The easiest way to generate an interactive summary QC report is to run a function from the RStudio called GenerateInteractiveQCReport(), which utilises application-specific templates to generate an HTML report with the visualisations of QC metrics (Fig. 2). The required inputs are a gene-cell count matrix, feature-barcode matrices, and tSNE and UMAP projections from 10X CellRanger count. By running the function, all dependency packages automatically will be downloaded from CRAN-like repositories and installed. An interactive QC report automatically will be generated in one HTML file. Full documentation, including an example, is provided on the package website (https://isarnassiri.github.io/scQCEA/).

Fig. 2
figure 2

Generation of interactive HTML report for visual evaluation and comparison of multiple sample sets, over comprehensive technical and biological QC metrics using functions available in the scQCEA package. The InteractiveQCReport() function applies generated data by the CellTypeEnrichment() and other QC tools to create an interactive HTML report. The report contains figures visualising tSNE, UMAP, heatmap, quantification summary statistics, knee plots, and tables for sample sets. Examples of different sections of the report are shown

Cell type enrichment analysis from gene sets

Cell type annotation on scRNA-seq data is a pre-step for generating an interactive QC report with scQCEA. This step requires some bioinformatics efforts, but scQCEA provides a function called CellTypeEnrichment() function, for automatic cell type identification and visualisation on the gene-by-cell count matrix.

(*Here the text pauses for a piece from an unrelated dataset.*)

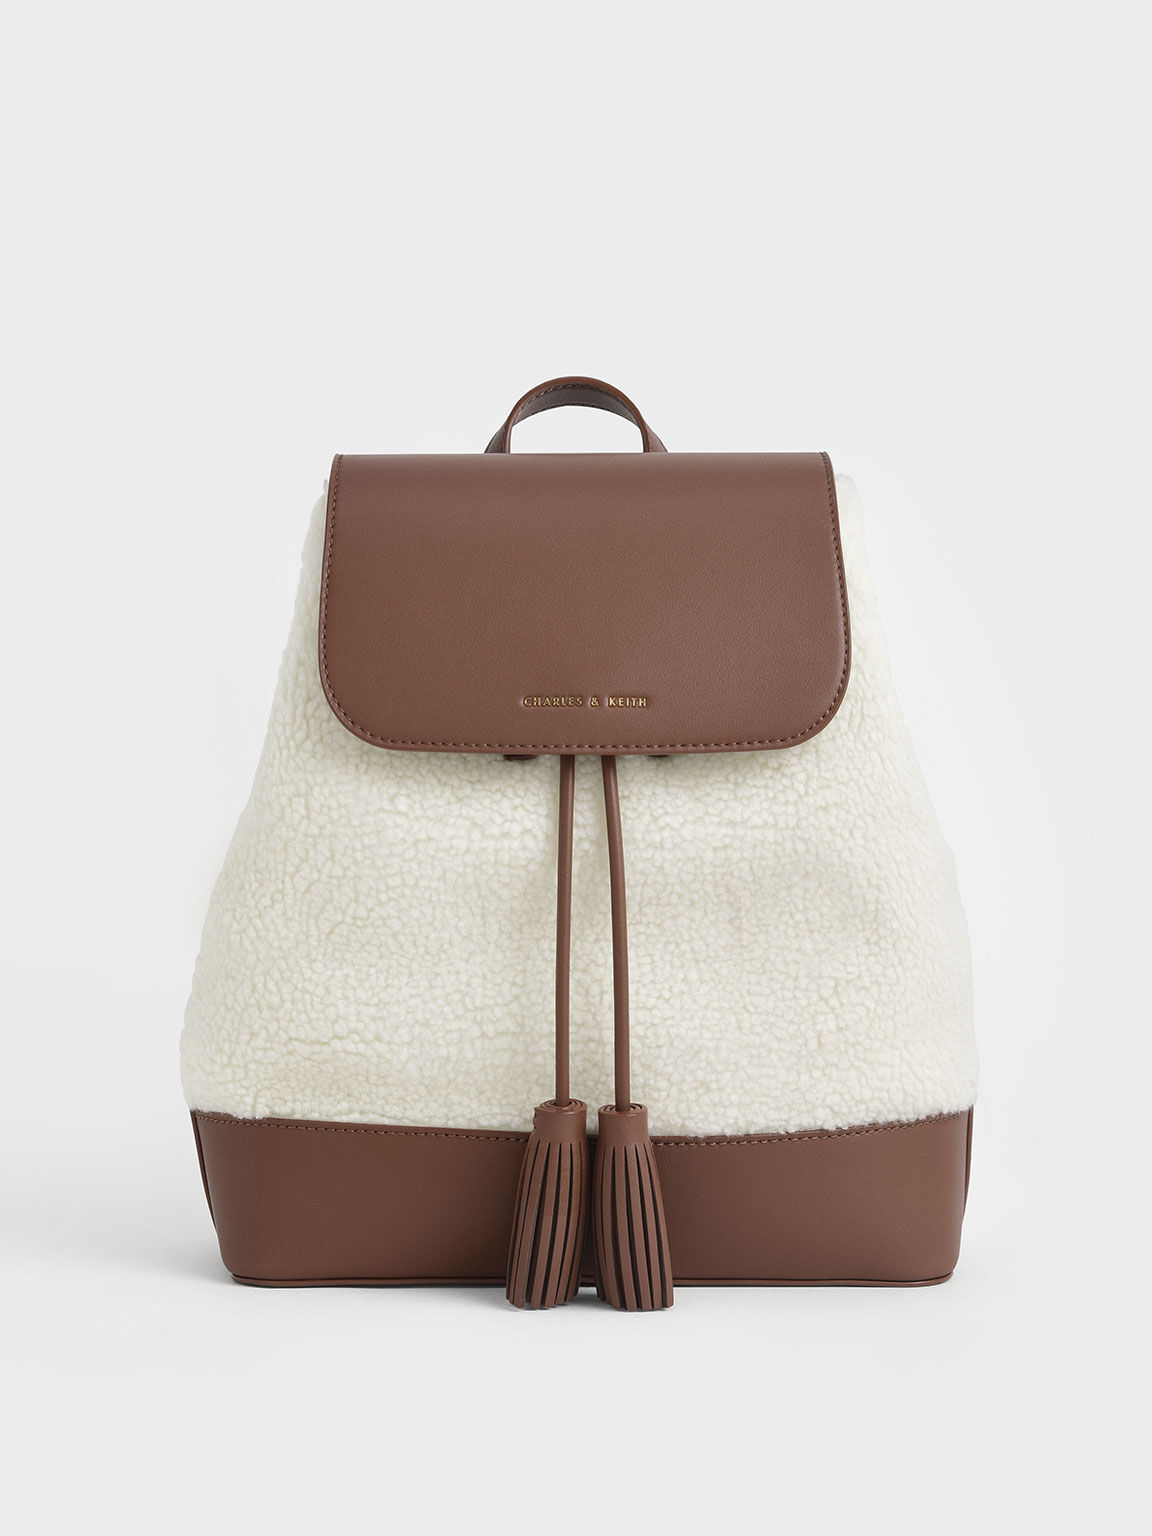 Genevieve Two-Tone Textured Tassel Backpack, Cream, hi-res

We use the AUCell algorithm to enrich expressed genes for each cell individually, and gene sets exclusively expressed in each cell type [5]. It applies the area under the curve (AUC) and bimodal distribution to separate the distributions and evaluate the strength of enrichment of each reference cell with genes in an indicated cell. The AUC scores across all the cells represent the relative expression of the signature, therefore, we do not normalise the data before enrichment analysis. We refer the reader to [5] for evaluation of performance.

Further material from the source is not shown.